Please make an exact copy of the listing, without the pictures.

● Supplied information

________________________________________

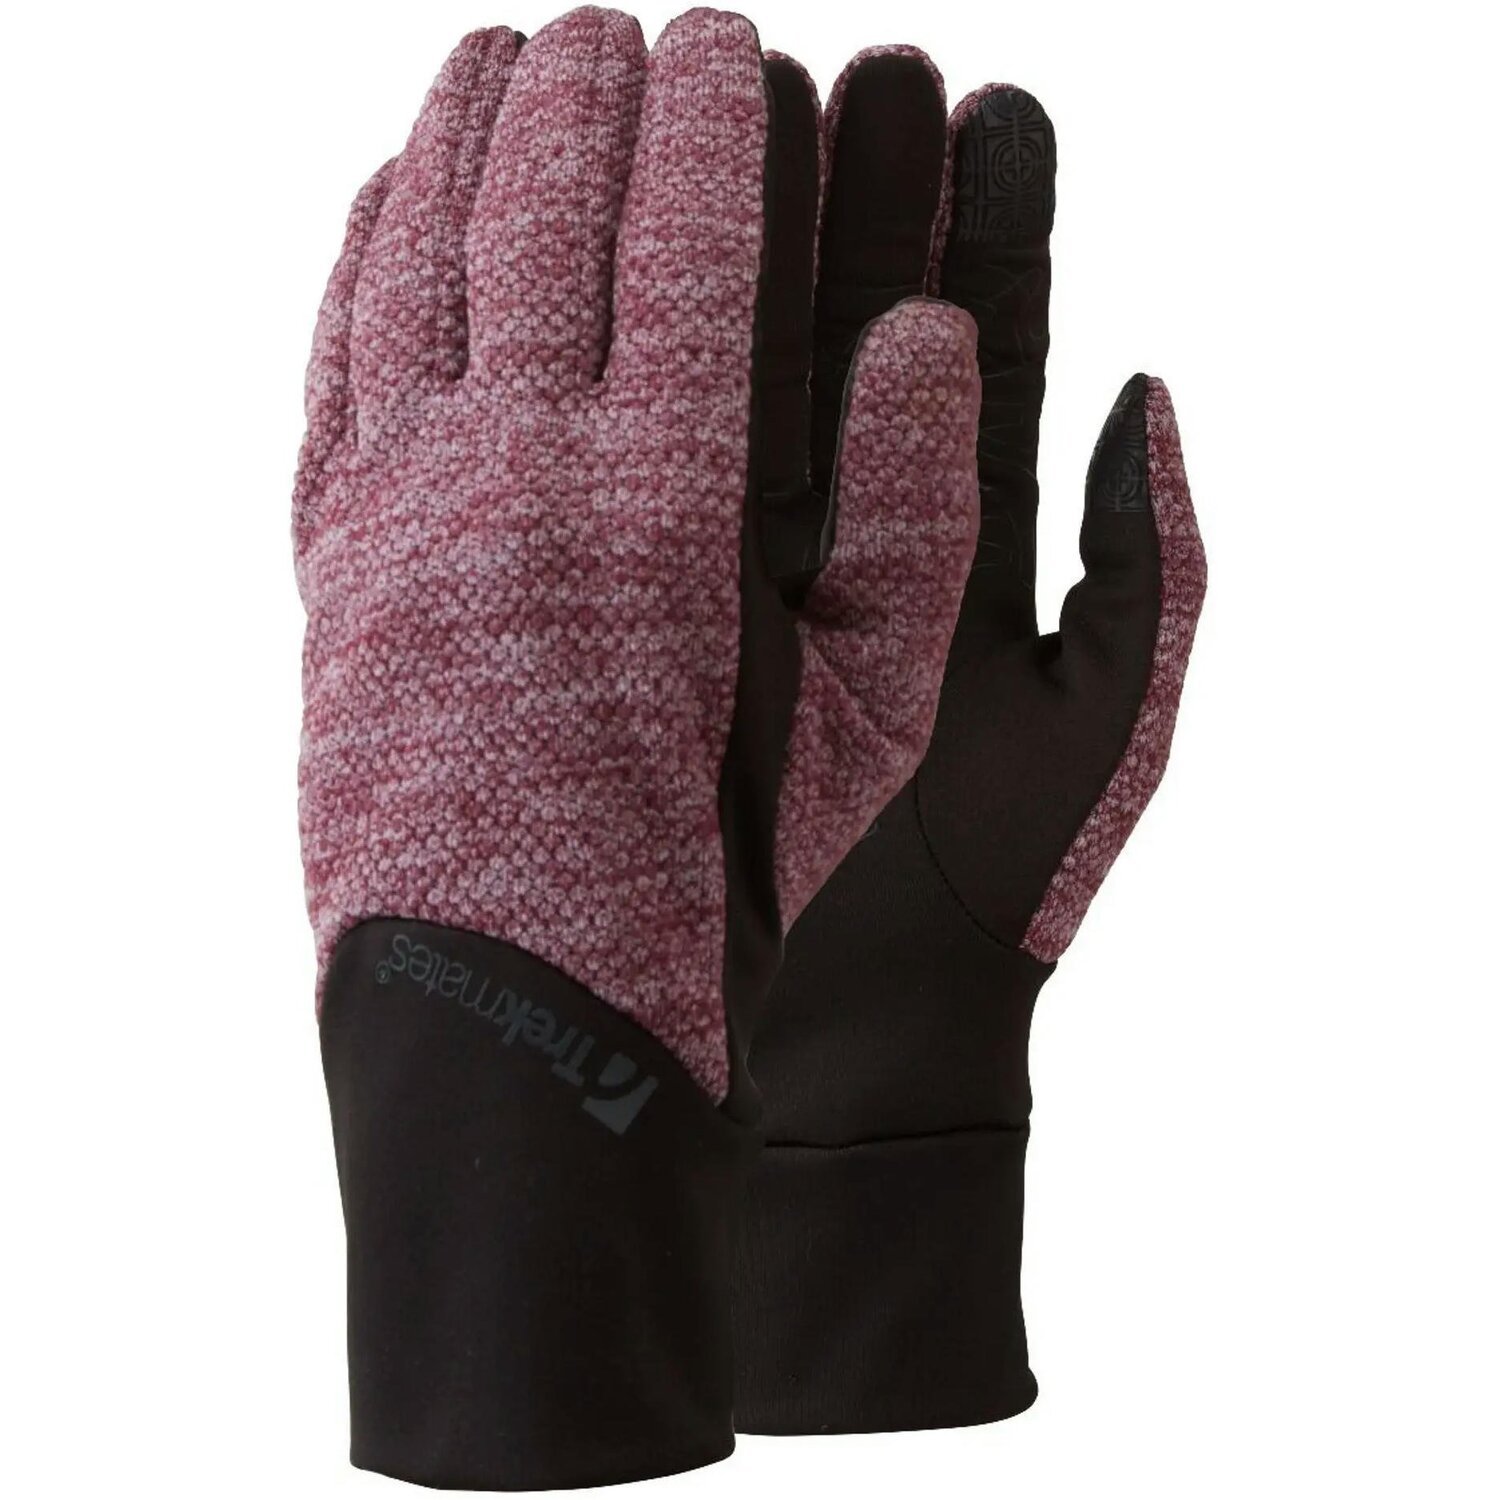 Перчатки Trekmates Harland Glove TM-006305 aubergine - M - фиолетовый/черный фото 
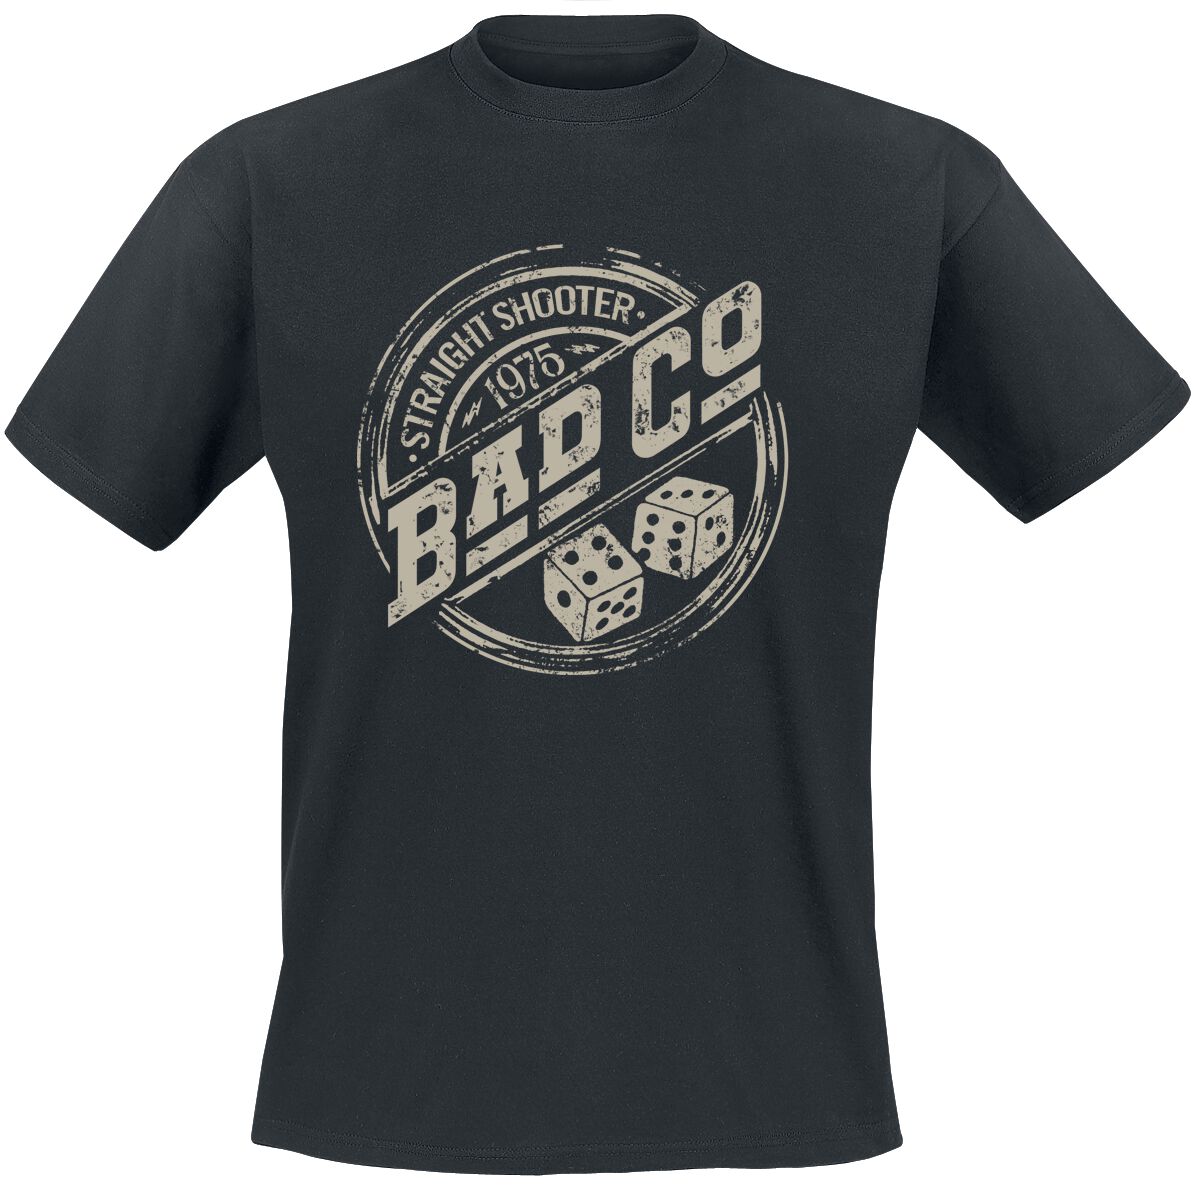 Bad Company T-Shirt - Straight Shooter - S bis XXL - für Männer - Größe L - schwarz  - EMP exklusives Merchandise!
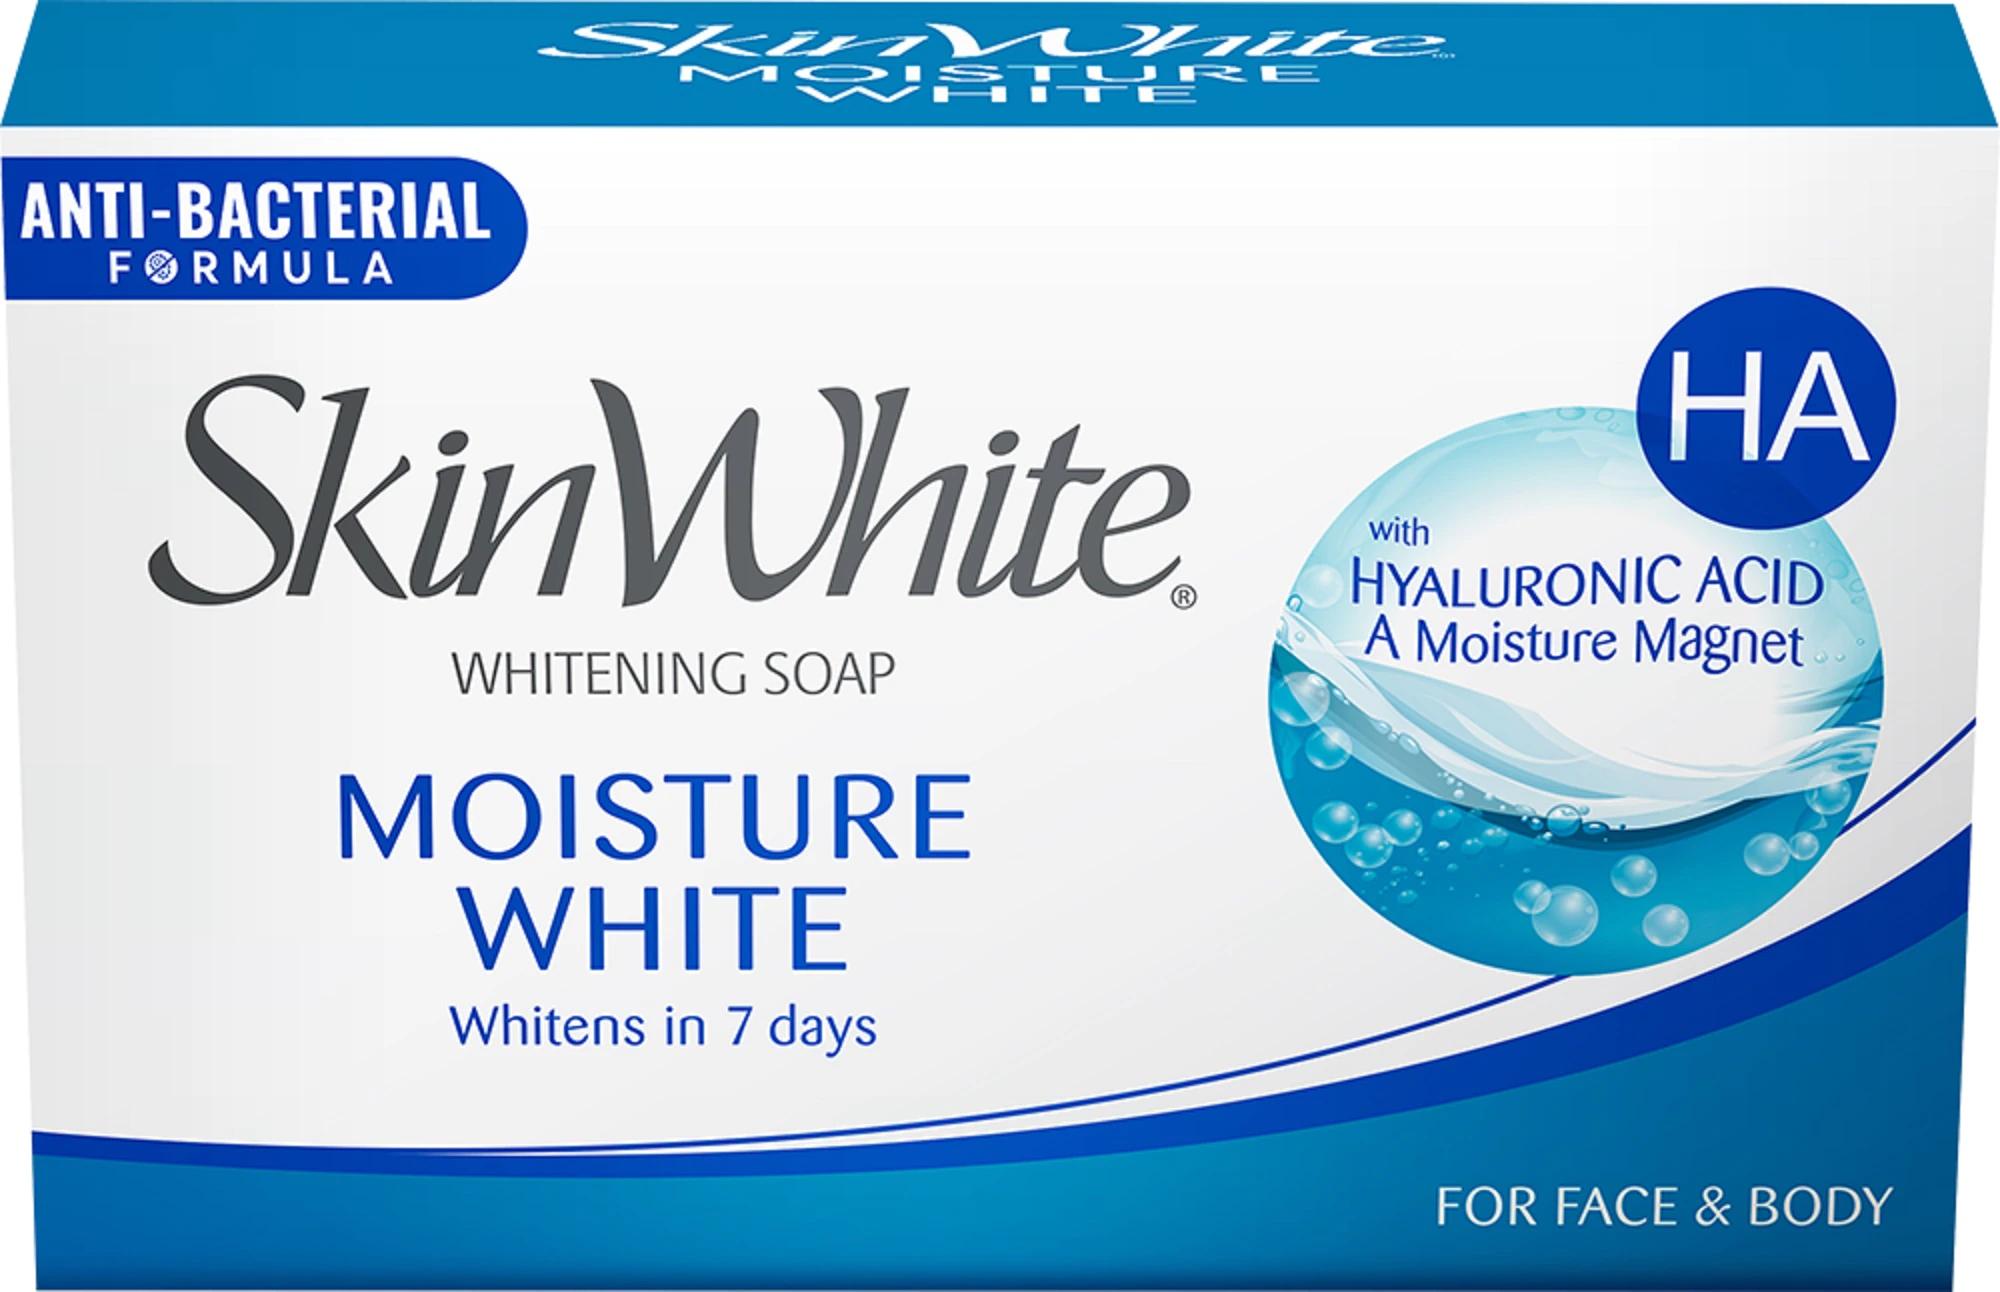 12 skinwhite moisturewhite

________________________________________

● Task response
 Перчатки Trekmates Harland Glove TM-006305 aubergine - M - фиолетовый/черный фото 
 Bad Company T-Shirt - Straight Shooter - S bis XXL - für Männer - Größe L - schwarz  - EMP exklusives Merchandise!
 12 skinwhite moisturewhite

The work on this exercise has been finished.